Asheville experienced more of such growth than anywhere else in the North Carolina mountains, but other areas became tourist magnets as well – especially those along the Blue Ridge Parkway that linked the new Great Smoky Mountains and Shenandoah National Parks in the late 1930s.7 After World War II came strings of new motels in places like Maggie Valley, followed by ski resorts (Cataloochee was first in 1961) and posh gated communities such as Hound Ears and Invershiel, some of them developed by multinational corporations.
Four hundred miles to the east, on the Outer Banks, distinctive geography, climate and other factors configured tourism very differently. Visitors were drawn to the bathing beaches of Ocracoke as early as the 1750s, and to Nags Head by the 1830s. By1853, wealthy yacht owners had already formed an exclusive club.8 During the last half of the century, tourist accommodations were springing up from Currituck to Calabash. In the mid-1870s, Dr. G. K. Bagby bought and renovated Brunswick’s Atlantic Hotel, and beguiled guests with promises of A BAND OF MUSIC, FAST SAILING BOATS, BATH HOUSES, SURF BATHING, TEN PINS, and a dining table supplied “with all the luxuries from land and water.” [ILLUSTRATION: 1877 Atlantic Hotel Kell CarteretCoCivilWar_16. CAPTION: Advertisement for Brunswick’s Atlantic Hotel, July 1877. Kell, North Carolina’s Coastal Carteret County During the Civil War (1976), 16.]

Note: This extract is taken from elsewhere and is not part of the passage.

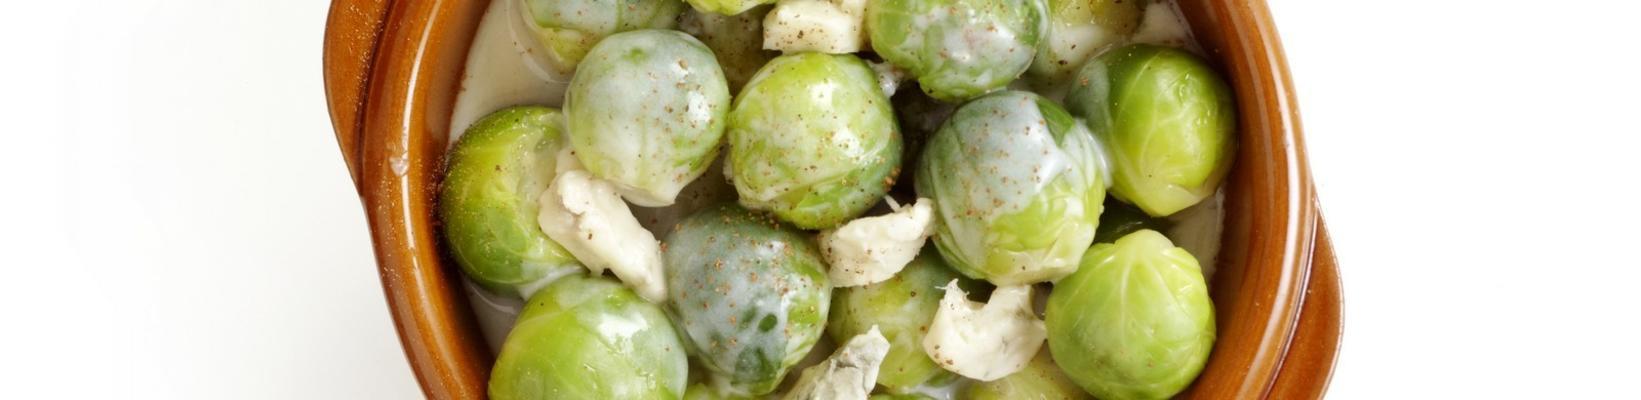 Brussels sprouts with gorgonzola sauce

The closing years of the century witnessed the proliferation of hunting lodges on the sounds. Around Wilmington and Wrightsville Beach, trolley and railroad lines were soon carrying throngs to brightly lit music and dance pavilions and elegant hotels. From the 1920s onward, highways, bridges and ferries brought ever larger streams of tourists, and hard-surfaced roads relieved the challenge of driving in the sand.
After the Depression and World War II, boom times soon returned. Beach resorts for people of modest means multiplied up and down the coast, and vacation homes and cabins stretched row on row behind (and sometimes on) the dunes. Legendary Outer Banks photographer Aycock Brown began his publicity blitz in 1952, and Cape Hatteras and Cape Lookout national seashores followed in 1958 and 1966.9 Within a few years, subdivisions for beach homes stretched north toward the Virginia border, matched by gated inland golf communities. Sport fishermen began competing for water and fish with commercial fishermen. Taking advantage of new technologies, kite boarders now maneuver across the waves and hang gliders soar over the dunes.
Thus although tourism appeared at about the same time on both ends of the state, and has developed steadily since, it was configured in each place by particularities of terrain, climate, flora and fauna, public policy, and entrepreneurial and corporate activity. In this chapter we explore the eastern sector of this history – one of the most important contexts for the establishment, development and operation of Cape Lookout National Seashore.